The struggling consumer electronics retailer is testing out a new store model, according to The Wall Street Journal.
There are fewer products on display, eliminating the cluttered feel of the Best Buy stores we know now. Customers don't need to snake through the checkout lines at the front of the store, since there are now several places around the store to complete a transaction. There's also what Best Buy is calling a Solution Central help desk, staffed by its Geek Squad in a more inviting setting, providing tech support and knowledgeable advice.
The Journal comes to the obvious conclusion that Best Buy is simply trying to clone Apple's (NAS: AAPL) signature stores.
It may seem to be a smart idea on paper. Apple's sales per square foot are the envy of every mall tenant. However, if Best Buy thinks that it can just repurpose itself in Apple's mold it may want to see how this all played out for J.C. Penney (NYS: JCP) .
A Penney for your thoughts
Investors cheered late last year when the department store chain hired away the guy responsible for rolling out the Apple Store concept. CEO Ron Johnson's first quarter since initiating his makeover at J.C. Penney was disastrous.
One can argue that it's easier for a consumer electronics superstore to ape Apple than a fledgling department store chain, but if the guy responsible for the real deal couldn't port the magic, why should the zillionth Apple wannabe make it work at Best Buy?
See, it's not just a matter of opening up a store that looks like an Apple Store. The long-gone Gateway and Dell (NAS: DELL) storefronts had stylish layouts and savvy sales personnel. Consumers just didn't have much of a reason to visit one.

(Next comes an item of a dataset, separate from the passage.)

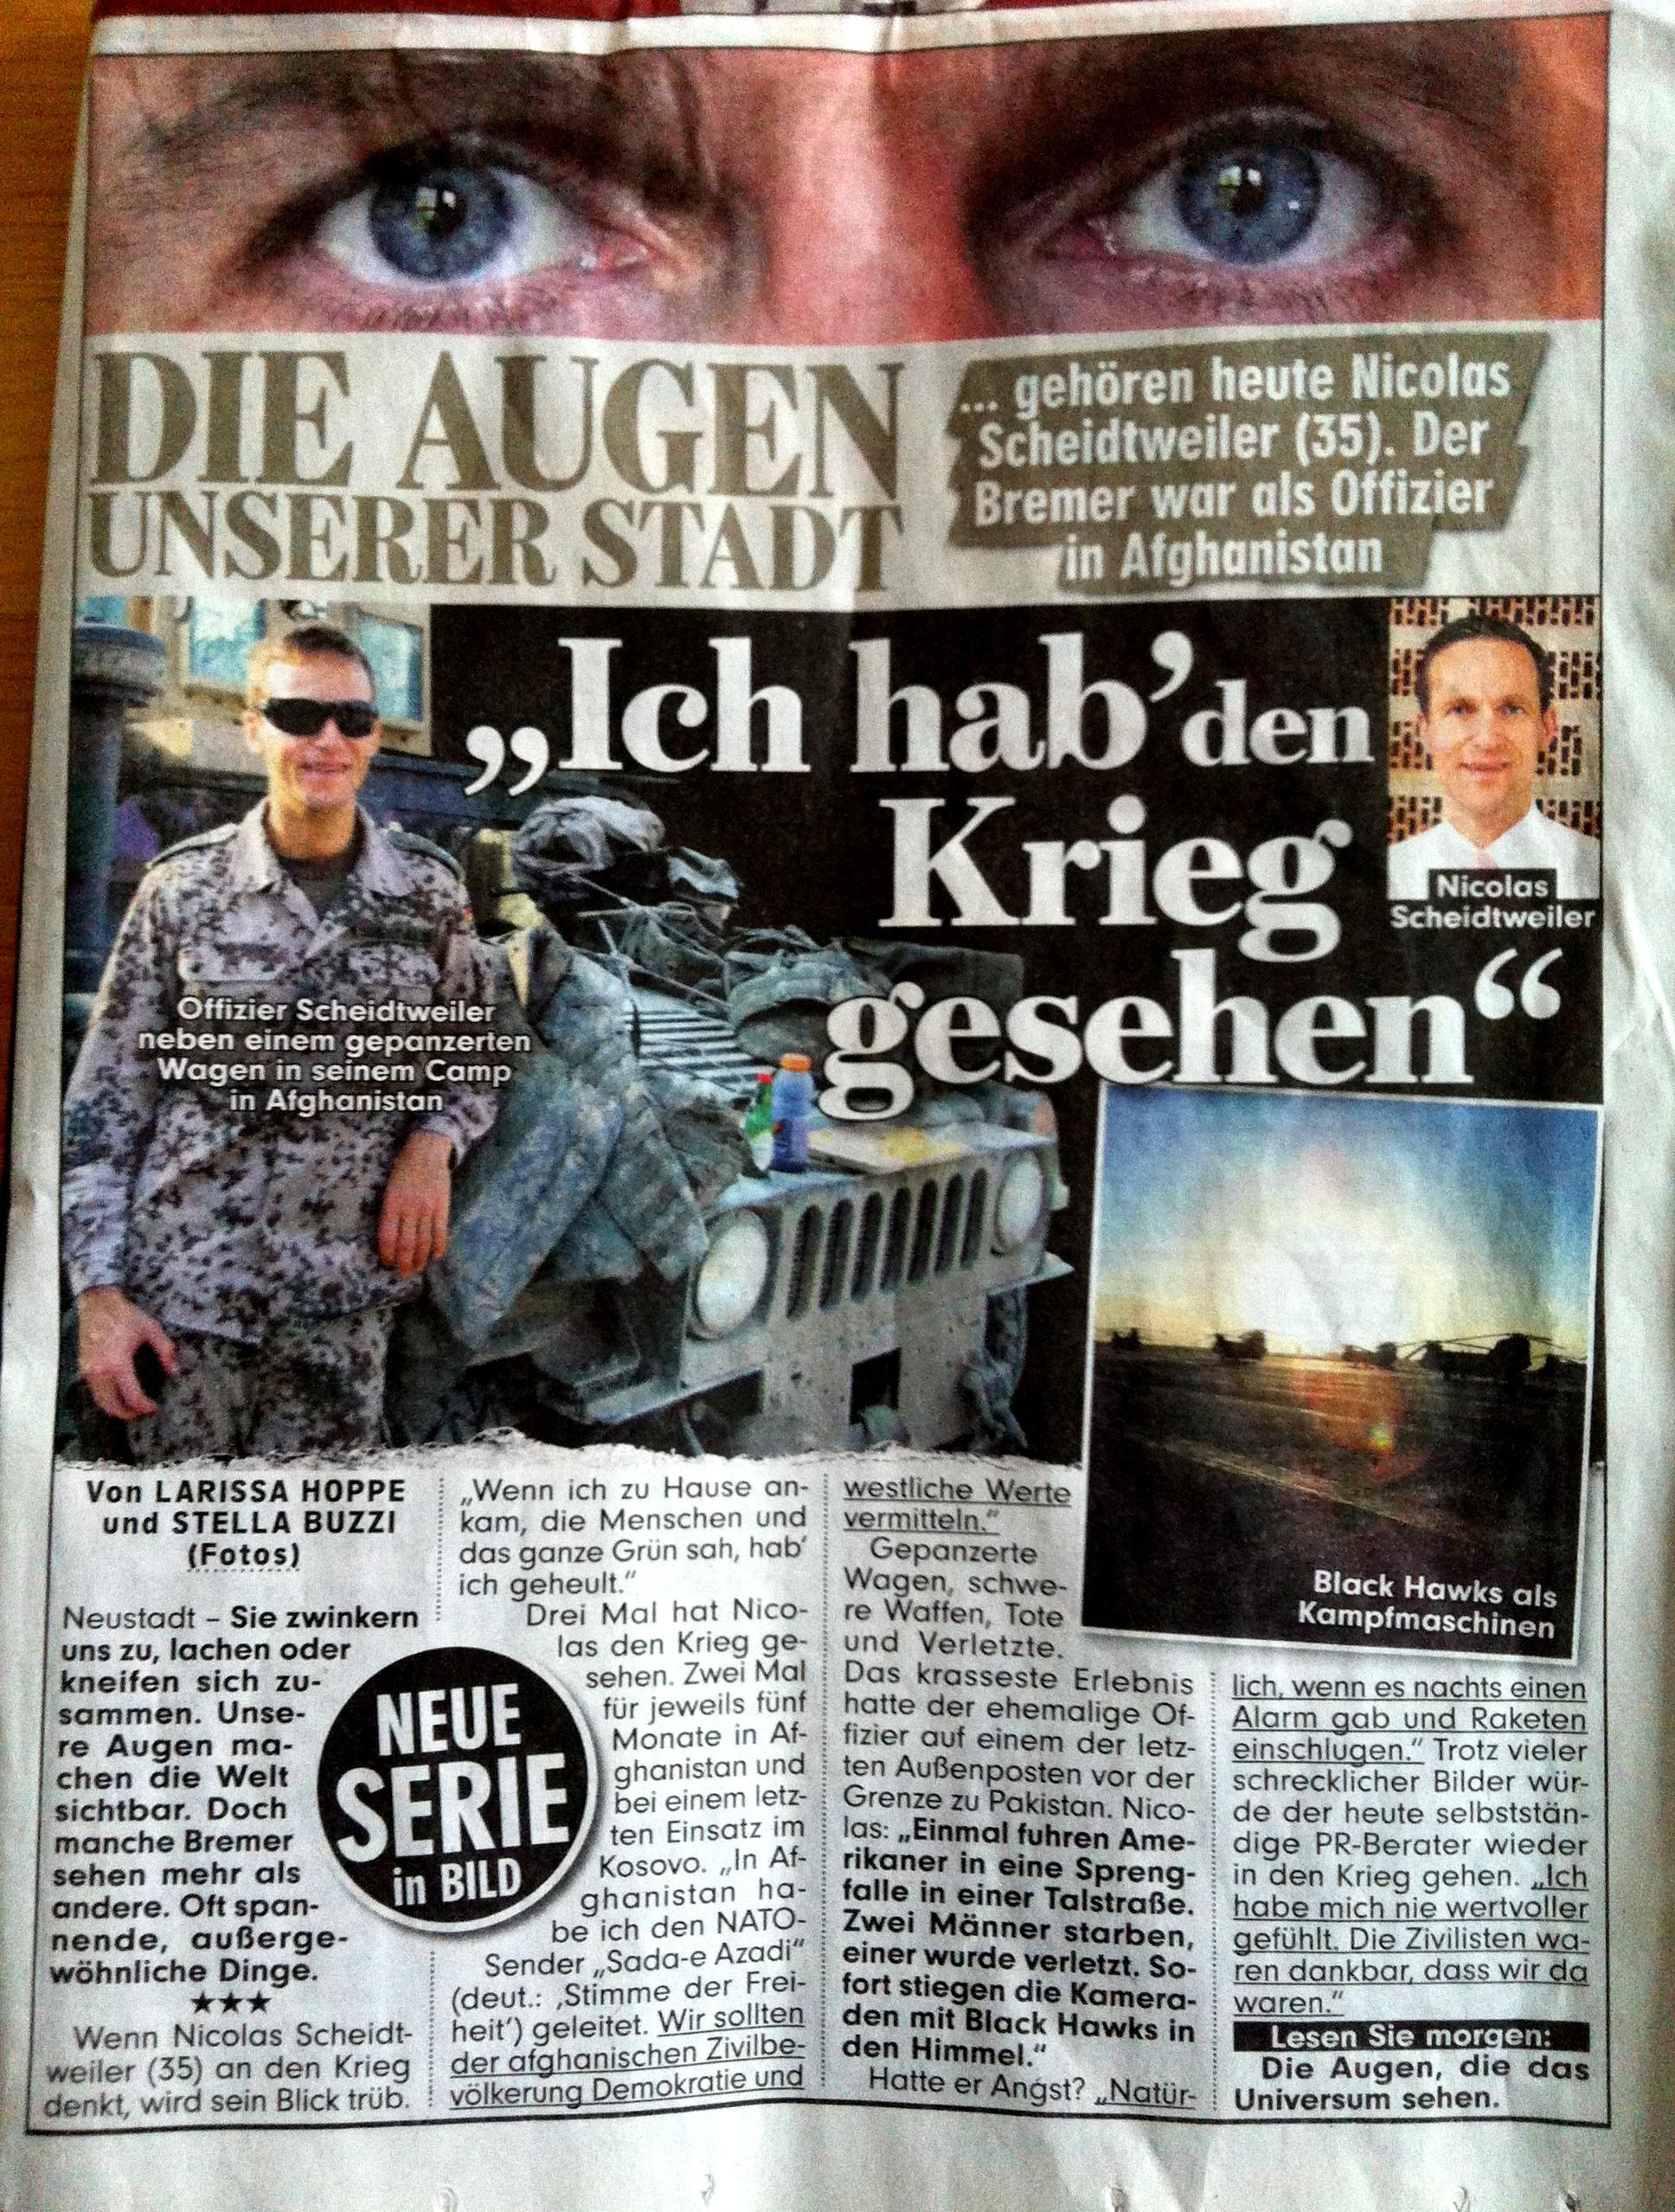 BILD Bremen - Offizier Nicolas Scheidtweiler war in Afghanistan - Medienspiegel

If Best Buy wants to copy Apple, it will first need decades of establishing itself as a premium brand with differentiated products. Then it has to build out a unique ecosystem that just happens to lead the industry. As you can probably imagine, Best Buy doesn't have the time or the opportunity to be the next Apple.
From Geek Squad to Chic Geek Squad
The reason why Best Buy sales have stalled over the past two years is because smartphone-armed shoppers can get what they want for less elsewhere.
Best Buy lacks the differentiated products, even if one can rightfully argue that Apple's differentiated products are now sold all over these days.
The real challenge for Best Buy is to lower prices aggressively without losing its blue shirt. How is it going to lower its cost structure if it will need to pay more to retain a helpful front line? Apple -- a company that has no problem staffing its stores -- is in the process of pushing through a whopping 25% increase in its basic wages.
Best Buy won't beat the inevitable showrooming trend by sprucing up its show or its room. All that this will do is make Best Buy's wares more expensive. The reason why Apple's storefronts are so successful is that it's selling what it makes. Best Buy is simply reselling the goods that countless website operators with barebones warehouses can sell at lower prices.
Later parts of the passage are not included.